放送研究と調査(月報) - 目次

各国の「放送界の動き」に関する情報を掲載しています。

放送界の動き

英BBC iPlayerに解説放送サービスを付加

イギリスの公共放送BBCは8月26日,パソコンやケーブルテレビで利用できるオンデマンド・サービスのBBC iPlayerで,解説放送を1週間に約25時間利用できるようになったと発表した。視覚障害者向けのサービスである解説放送の提供量は,各チャンネルの放送時間の10%と法律によって義務づけられ,人気ドラマの“Doctor Who”や“EastEnders”のほかコメディーや子ども番組など幅広い番組をカバーしている。

英デジタルテレビ,89.8%に普及

イギリスの放送と通信分野を規制監督するOfcom(Office of Communications)は9月29日,2009年6月末のデジタルテレビ普及状況を発表した。それによると,全世帯の89.8%がデジタルテレビを利用し,11月にデジタル移行作業が開始するイングランドのグラナダ地域でもメインテレビの90%がすでにデジタル化している。また,デジタルチューナー内蔵の統合型デジタルテレビの販売台数は2,200万台に達し,年内にはチューナー単体販売を追い抜くと見られている。

仏,2010年の公共放送税を初めて自動的に値上げ

仏政府は9月30日,2010年予算法案を発表した。これに付された経済社会財政報告書によると,2010年のたばこを除く消費者物価指数は+1.2%で,この結果受信料にあたる公共放送税の2010年の税額は121ユーロに決定した。これは今年3月の放送部門を改革する法律により,従来の視聴覚受信料(redevance audiovisuel)という税金は公共放送税(contribution a` l'audiovisuel public)に改称されるとともに,その税額は2010年1月1日時点で年額120ユーロとされ,さらに2010年以降,物価指数に連動すると規定されたことによる。公共放送税は今後も毎年,物価指数に連動して値上げされる。

独,デジタルテレビ視聴世帯半数超える

ドイツ各州メディア監督機関の連合体ALMは9月8日,「2009年デジタル化報告書」を発表した。報告書によれば,ドイツのデジタル放送視聴世帯は,今年6月末で全テレビ視聴世帯の55%となり,前年より8.5% 伸びた。主要伝送路のデジタル化率は,地上波は100%,衛星波74.1%,ケーブルテレビ30.6%となった。またインターネットによる動画視聴動向では,YouTubeなどのユーザー作成コンテンツの利用経験があると答えた世帯は28.5%,放送局による無料の見逃し番組サービスは14.4%,動画のライブ配信サービスは5.5%,有料のビデオオンデマンドは2.1%となった。

独,IPTV事業者にもマストキャリー規則を適用

各州メディア監督機関の連合体ALMは9月17日,14の事業者を,チャンネルパッケージングや課金管理などを行うプラットフォーム事業者として認定し,そのうち大手ケーブルテレビ7社とIPTV事業者のドイツテレコム(DTAG)とHanseNetの2社,合計9社にマストキャリー規則を課した。これらのプラットフォームは,送信容量の3分の1を,公共放送21チャンネル,商業放送2チャンネル,ローカル放送およびオープンチャンネルの送信に割り当てることが義務づけられる。ドイツでは,2008年9月の放送法改正で,従来ケーブルテレビのみを対象としていたマストキャリー規則を,他の主要なプラットフォームにも適用することが決まっていた。
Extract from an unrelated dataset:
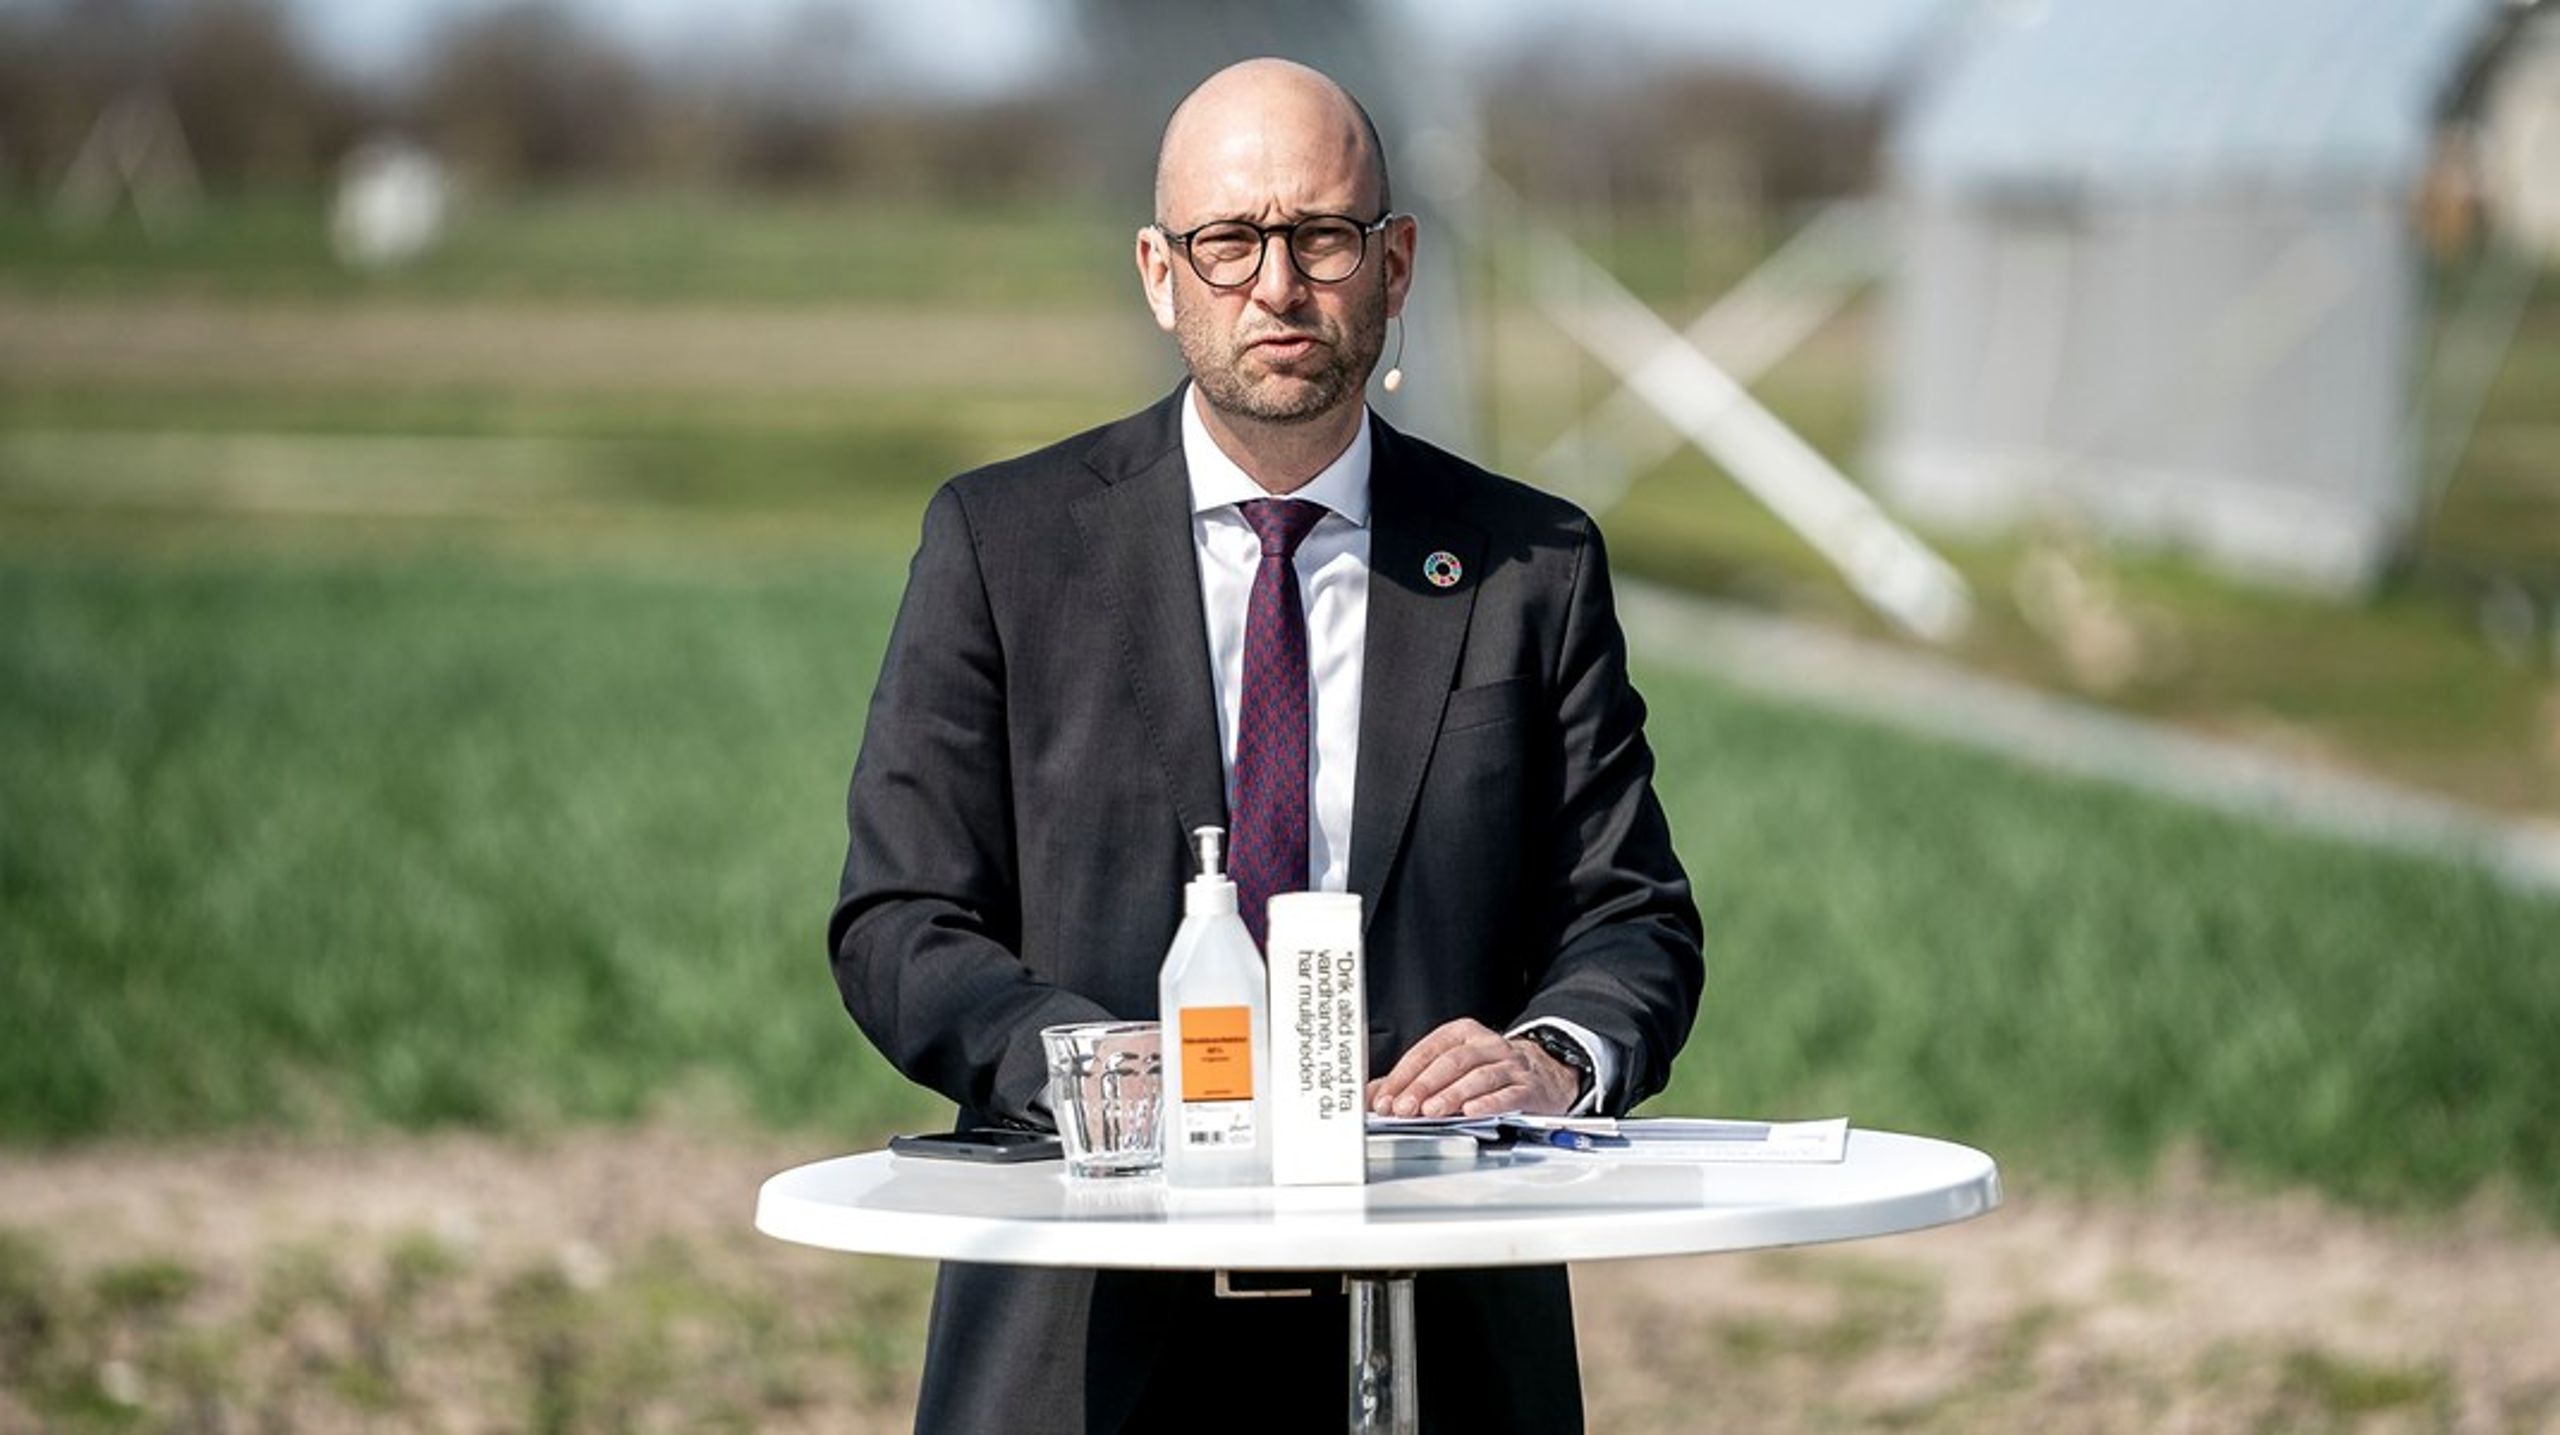 Tirsdag fortsatte landbrugsforhandlingerne hos fødevareminister Rasmus Prehn. Står det til klimatænketanken Concito bør der komme flere forslag til konkrete CO2-reduktioner på forhandlingsbordet.&nbsp;

伊,ヴァッレ・ダオスタ州,ピエモンテ州がデジタル移行

9月23日,イタリア北西部でフランス,スイスと国境を接する,ヴァッレ・ダオスタ州が地上アナログ放送を終了した。同州では2007年にすでにRai DueとRete 4がアナログ放送を終了し,一部デジタル移行が始まっていたが,今年9月14日からエリア毎に完全にアナログ放送を終了した。同州の住民は約12万人で,州レベルでは2008年10月末に完全にデジタル放送へ移行したサルデーニャ州に次いで2番目となる。翌9月24日からは,隣接するピエモンテ州西部が最終移行を開始し,10月9日には完全にアナログ放送が終了する予定である。今回の対象地域にはイタリア第4の都市である州都トリノも含まれ,約300万人が対象となる。